The midbrain periaqueductal grey (PAG), together with the hypothalamus, are key brain regions mediating the physiological responses to a wide range of stressors (1-3). The PAG consists of four subregions arranged as longitudinal columns (the dorsomedial, dorsolateral, lateral and ventrolateral columns). These subregions differ greatly with respect to their anatomical connections and chemical properties. The dorsolateral PAG (dlPAG) in particular is very distinctive, in that it contains a high density of neurons immunoreactive for nitric oxide synthase whereas the adjacent lateral PAG (lPAG) and dorsomedial PAG (dmPAG) do not (1). In addition, the dlPAG, but not the other subregions, receives major inputs from brain regions mediating visual, auditory and olfactory stimuli (1-3). Furthermore, neurons in the dlPAG but not the adjacent subregions are activated by acute threatening stimuli (e.g. the odour of a predator (3)). Finally, the output pathways from the these PAG subregions are also distinctly different. For example, the lPAG and dm PAG have direct descending projections to the lower brainstem, while the dlPAG have direct ascending projections to the dorsomedial hypothamus, another key brain region known to mediate stress-evoked physiological responses, that are characterised by an increase in sympathetic and respiratory activity.
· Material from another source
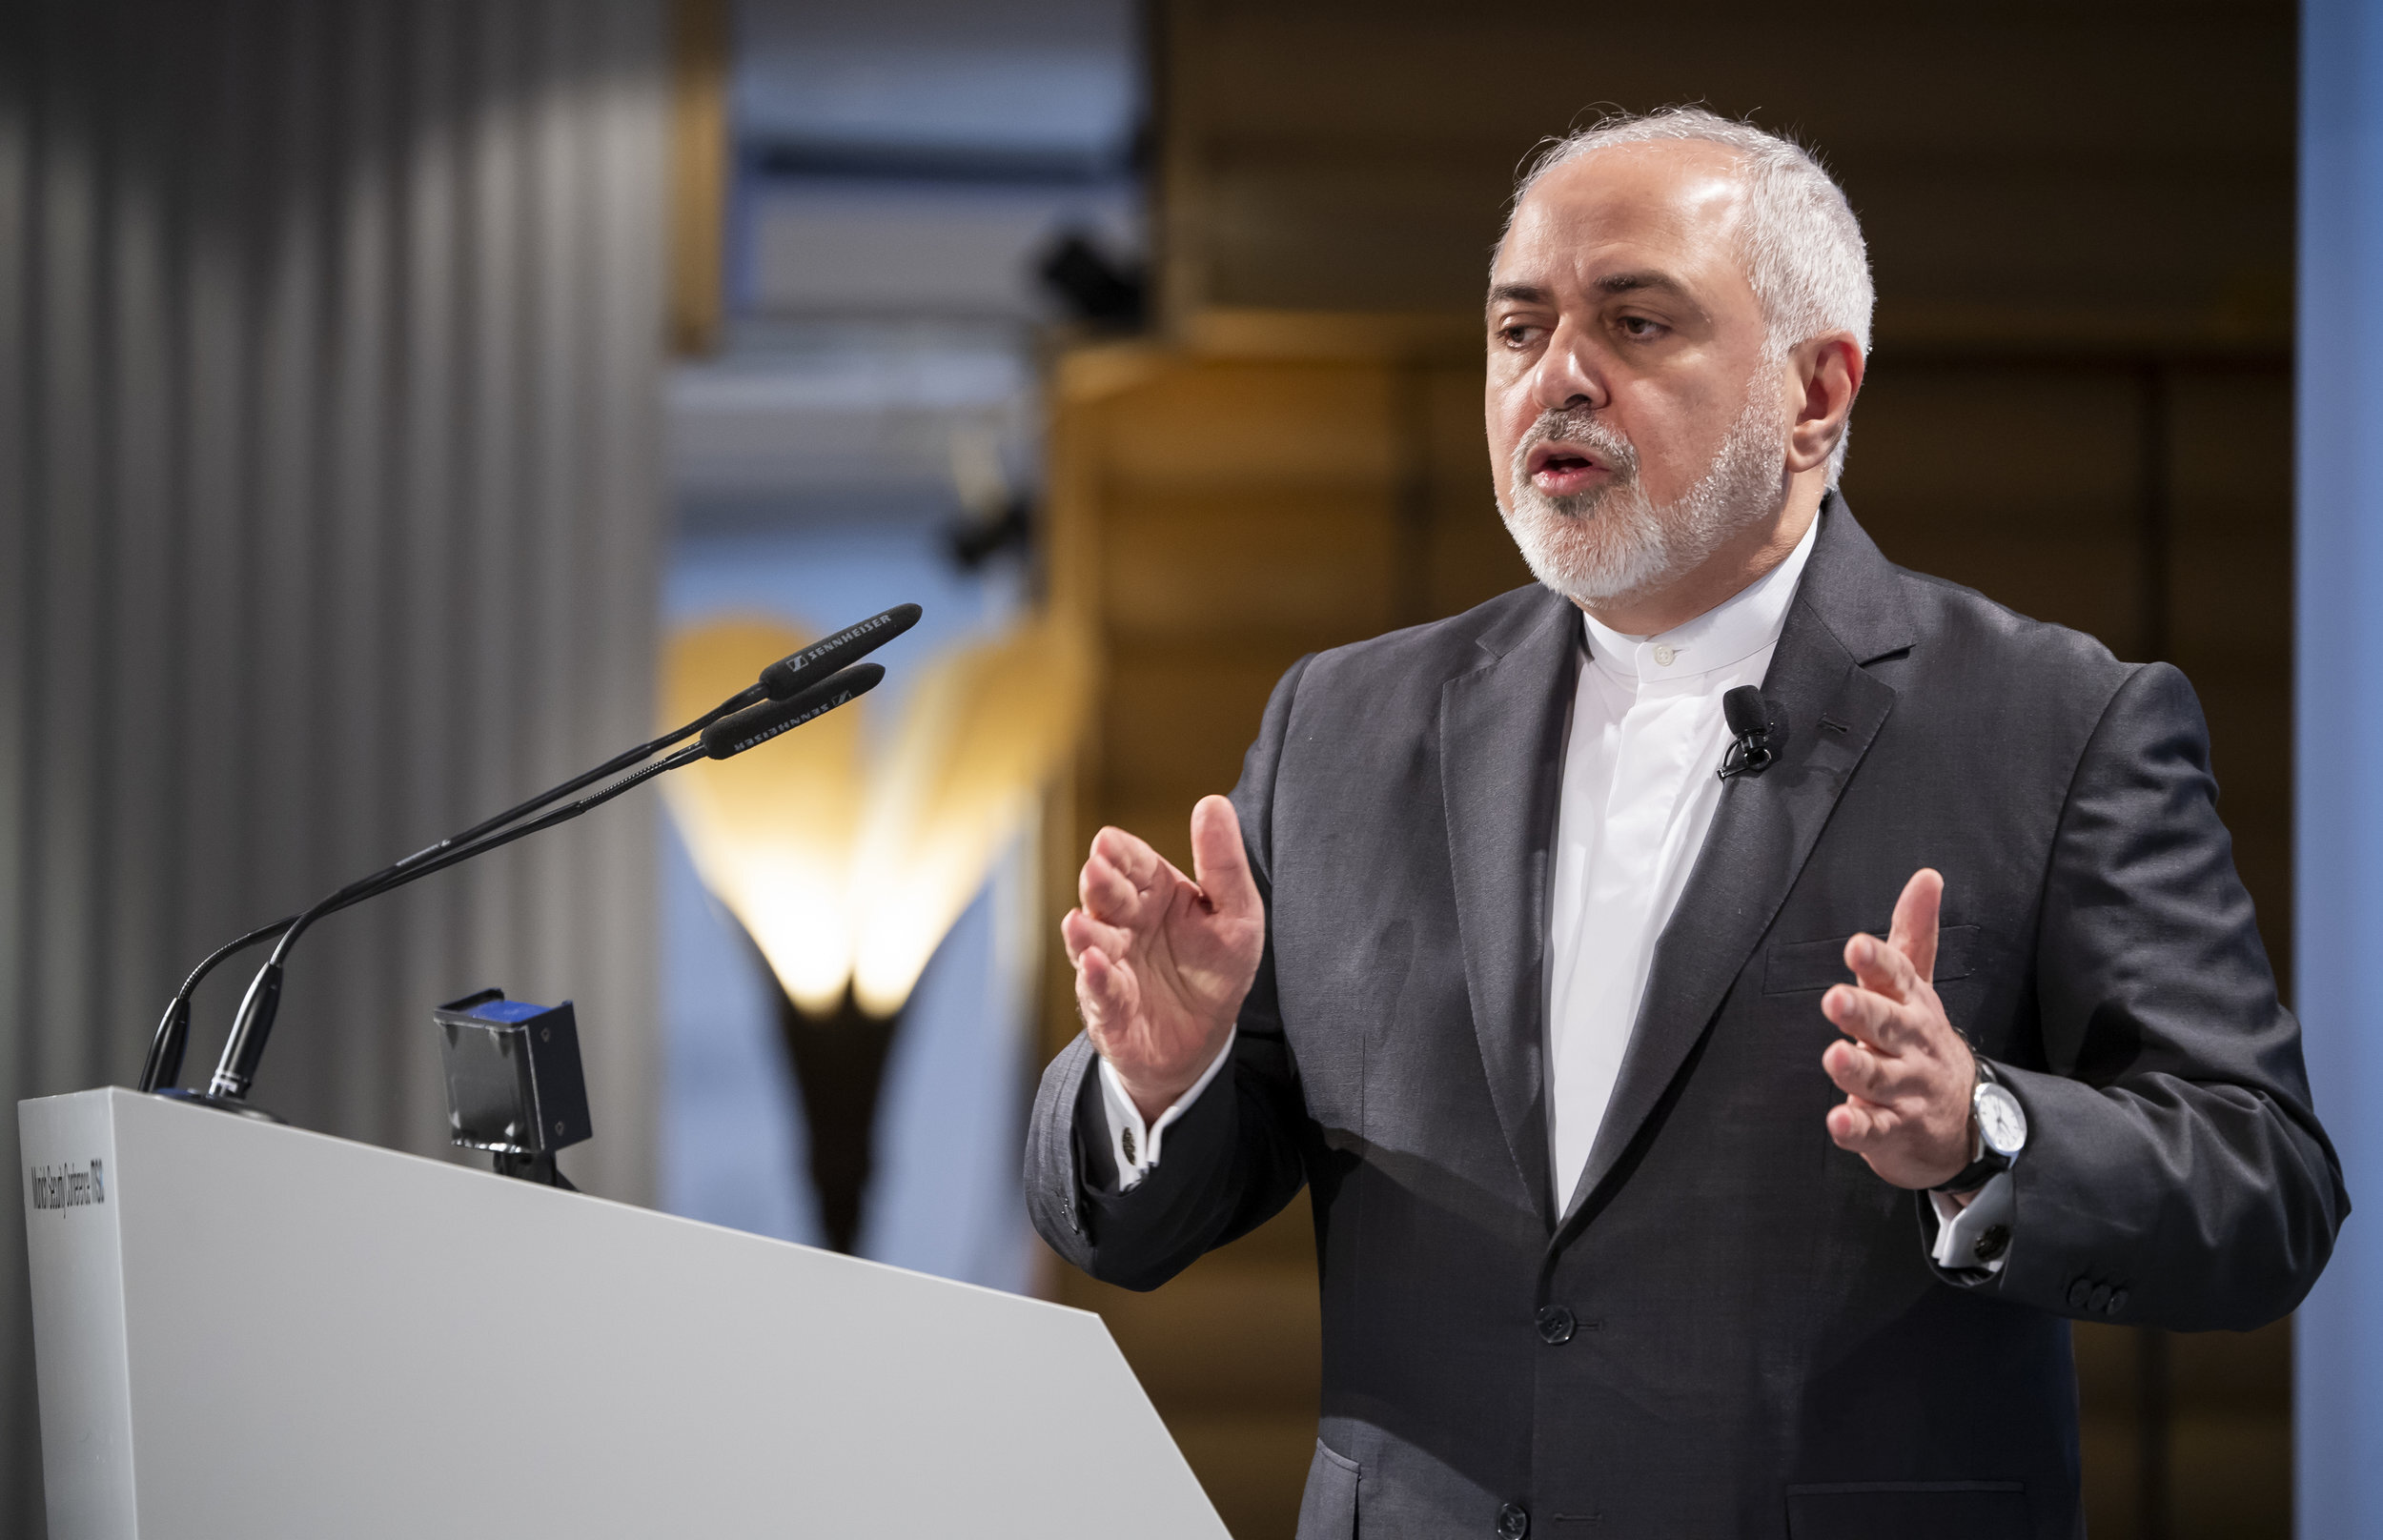 PICTURED: Mohammad Javad Zarif during the Munich Security Conference 2019. The Minister described Pompeo’s rhetoric as “warmongering lies”. Photo credit Wikimedia Commons, CC license, Germany.
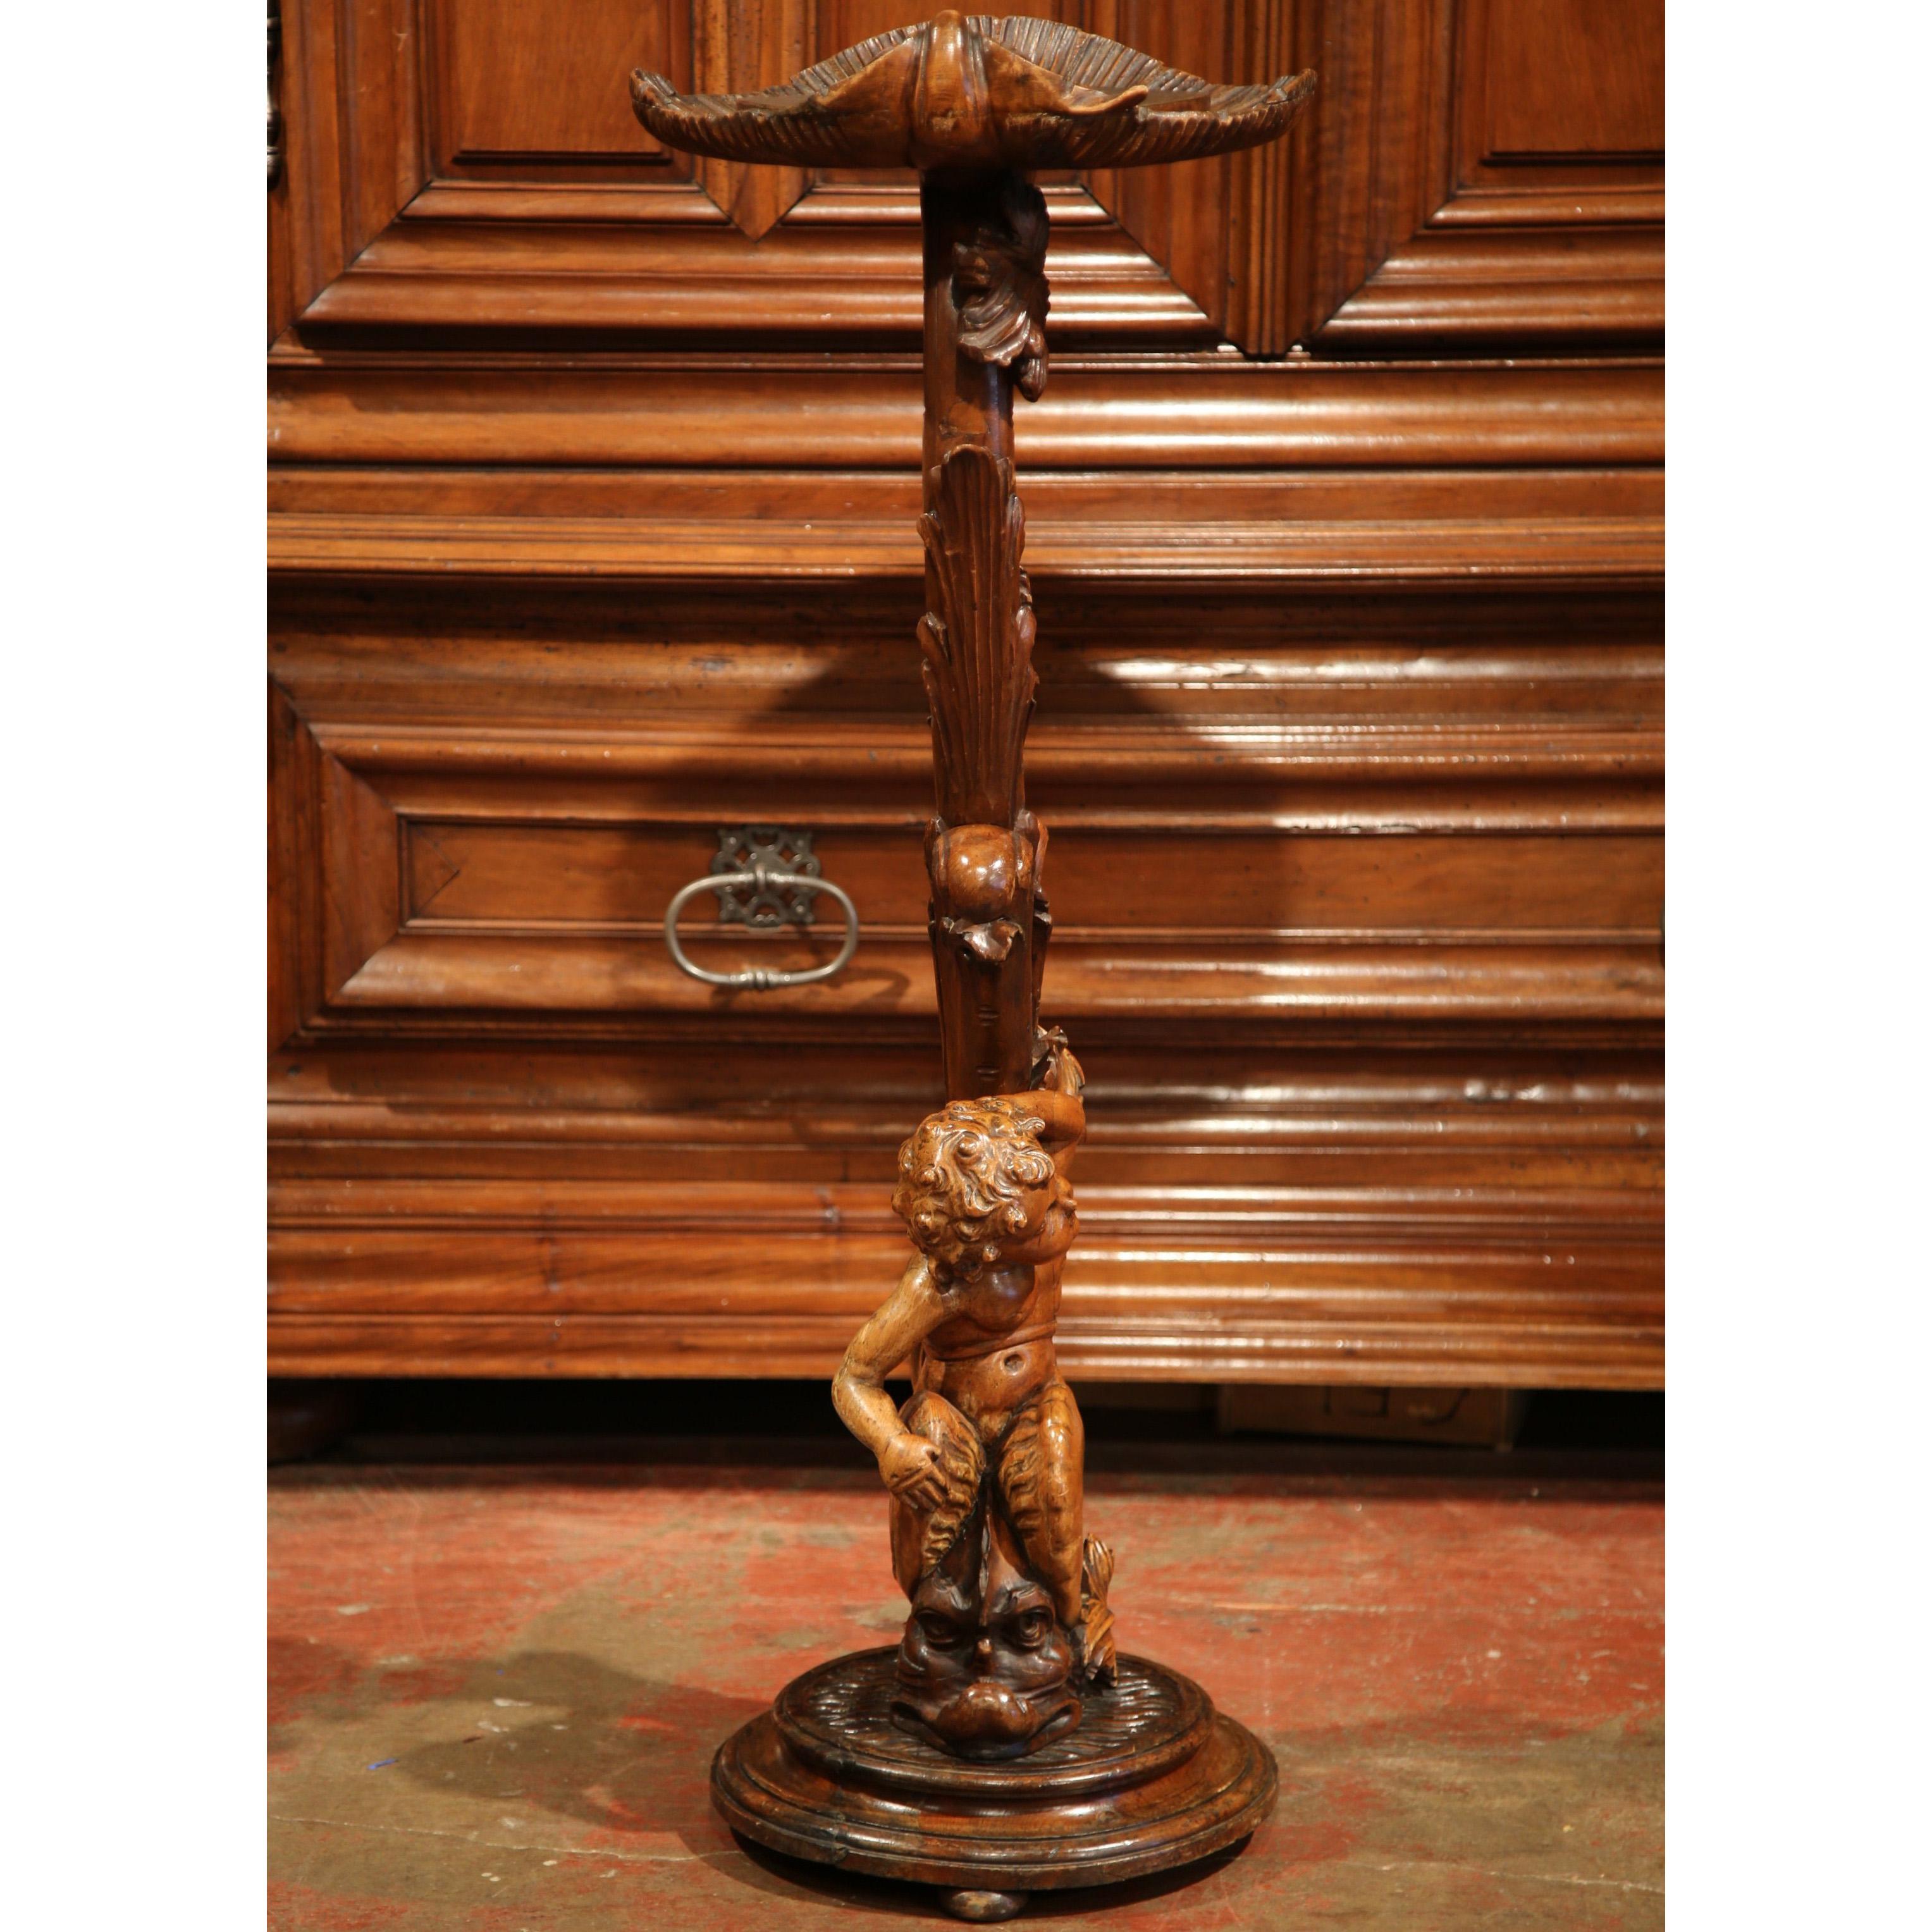 This beautiful, antique fruitwood Selette was crafted in Italy, circa 1860. The carved wooden pedestal stands on a round base and features a scrolled stem in a form of a tree with leaves, and embellished with an expressive cherub at the base sitting

All these observations suggest that the dlPAG is a key centre that integrates the physiological response to an acute threatening stimulus. In this study we tested this hypothesis by comparing the pattern of cardiovascular and respiratory responses evoked by activation of neurons in the dlPAG with those evoked from surrounding regions. Arterial pressure and heart rate, renal sympathetic nerve activity (RSNA) and phrenic nerve activity (PNA) were recorded simultaneously in urethane-anaesthetized rats. Microinjections of very small amounts of the neuroexcitatory agent D,L-homocysteic acid (DLH, 750 pmol in 15 nl) were made into sites throughout the dmPAG, dlPAG and lPAG. The results showed that significant increases (>30%) in RSNA were evoked from all three PAG subregions. In contrast, significant increases in PNA burst rate (respiratory rate) and amplitude were evoked only from a highly circumscribed subregion that corresponded to the dlPAG at an intermediate rostrocaudal level. Within this subregion, the evoked increases in RSNA and respiratory activity were highly correlated (r=0.86, P < 0.001), suggesting the possibility that a common population of “command neurons” within the dlPAG generate both the sympathetic and respiratory responses from this subregion.

Taken together with the results of previous studies (1-4), the results suggest that the dlPAG may play a unique role in generating the cardiovascular and respiratory response to an acute threat, via ascending connections to neurons in the dorsomedial hypothalamus that in turn project down to sympathetic and respiratory nuclei in the lower brainstem. Repeated activation of these pathways may lead to sustained sympathoexcitation and hypertension.

1. Bandler R, Shipley MT. Trends in Neuroscience 17, 379-389, 1994.
2. Carrive P. Behavioural Brain Research 58, 27–47, 1993.
3. Keay KA, Bandler R. Neuroscience Biobehavioual Reviews 25, 669-678, 2001.
4. Horiuchi J, McDowall LM, Dampney RAL. Journal of Physiology. 587,5149-5162, 2009.